Work order: In the listing below, locate the line with "Galerie Woutervan Leeuwen" and the line with "greta thunberg klimaaktivist", then output both and everything between them exactly, minus any pictures.

Source data:
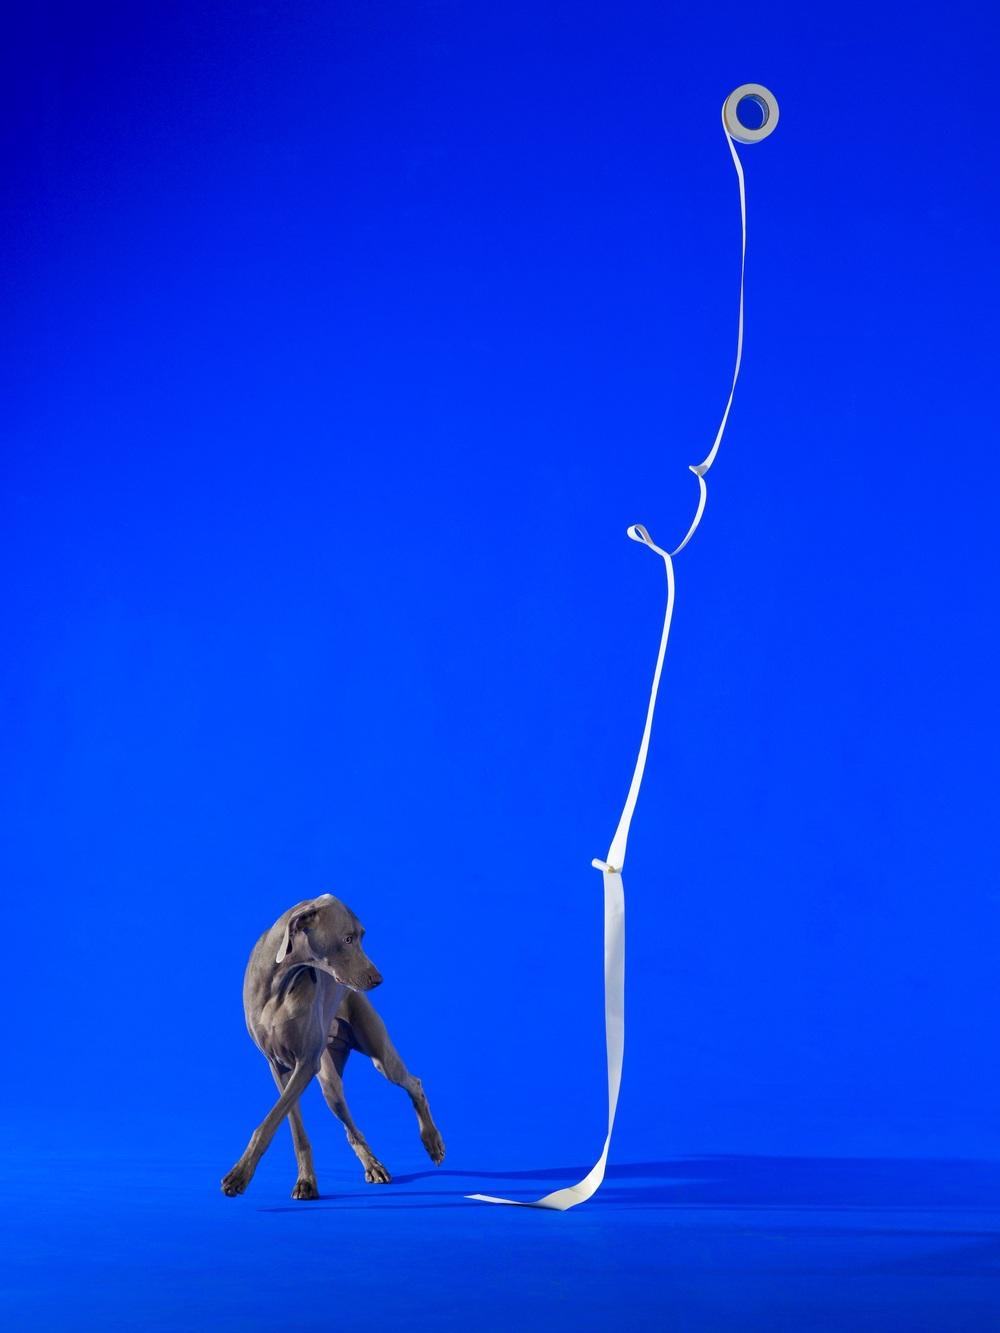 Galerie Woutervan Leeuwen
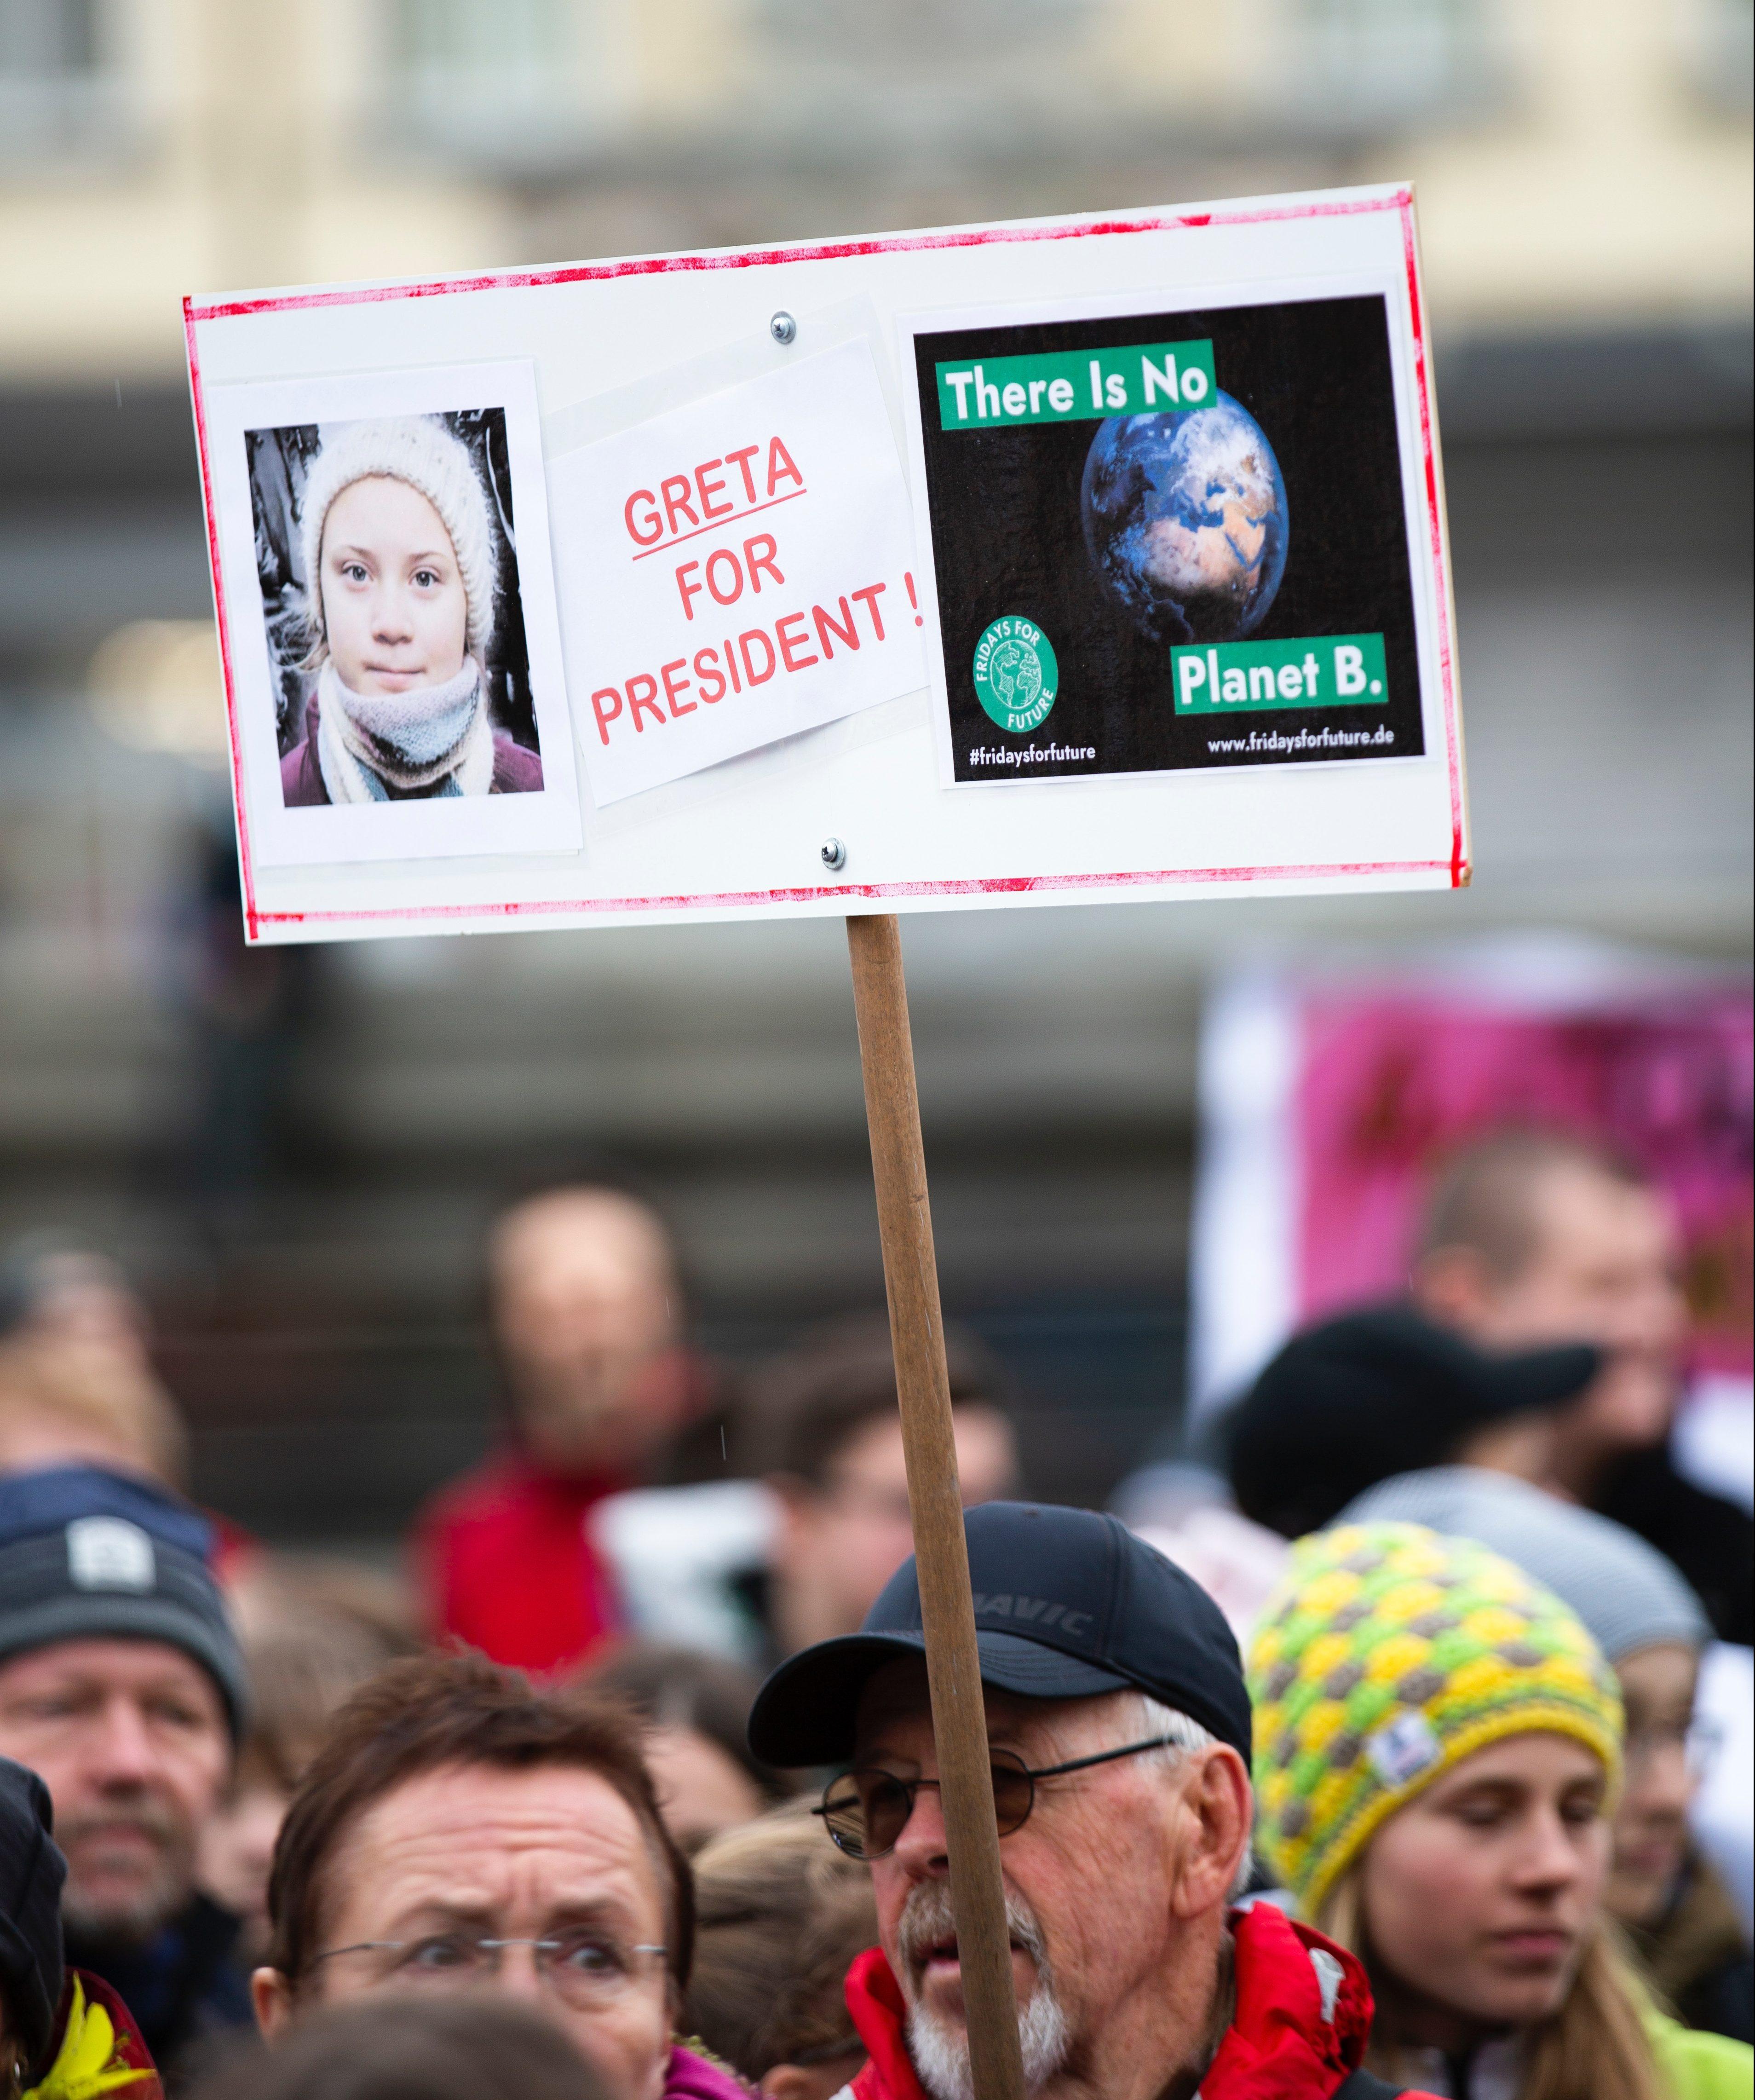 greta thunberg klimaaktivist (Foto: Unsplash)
...
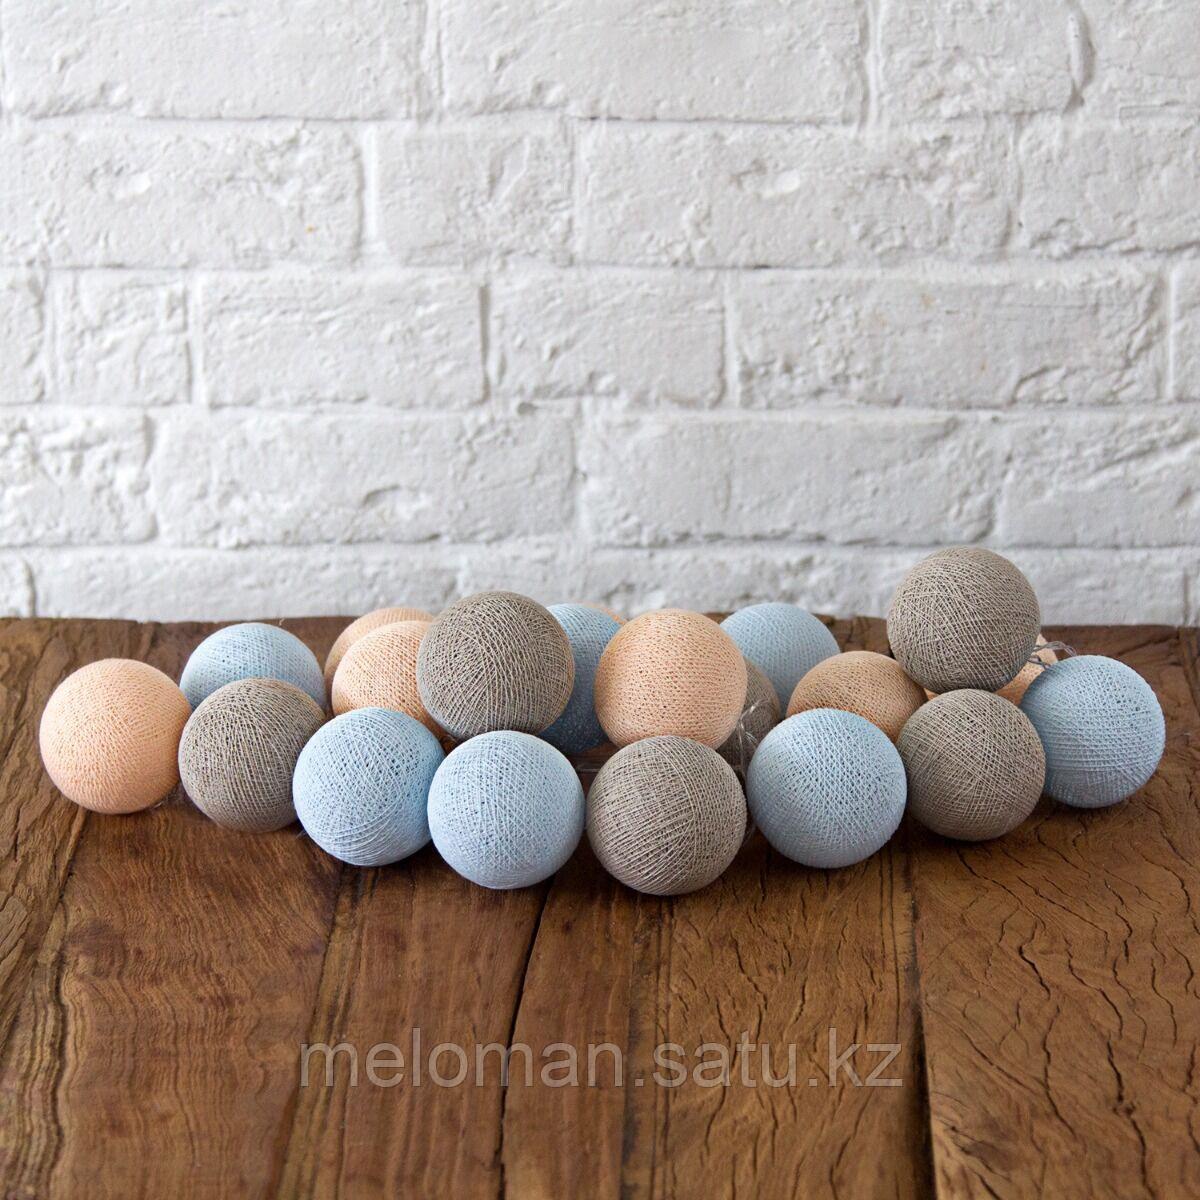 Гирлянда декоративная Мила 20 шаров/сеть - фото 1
--
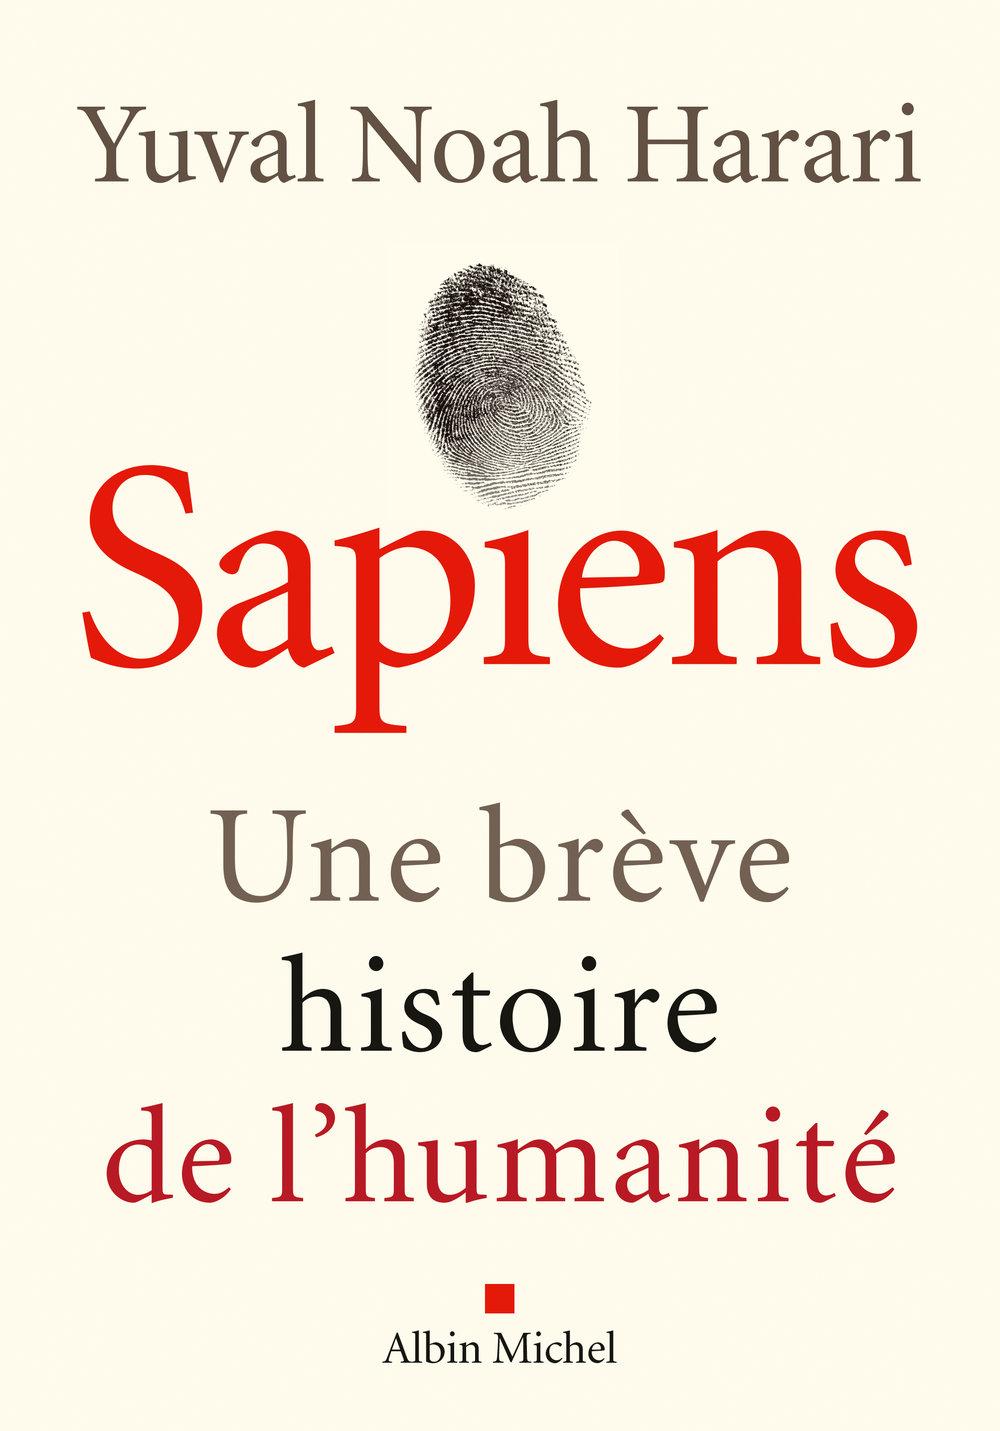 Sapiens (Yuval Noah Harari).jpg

Answer section:
 Galerie Woutervan Leeuwen
 greta thunberg klimaaktivist (Foto: Unsplash)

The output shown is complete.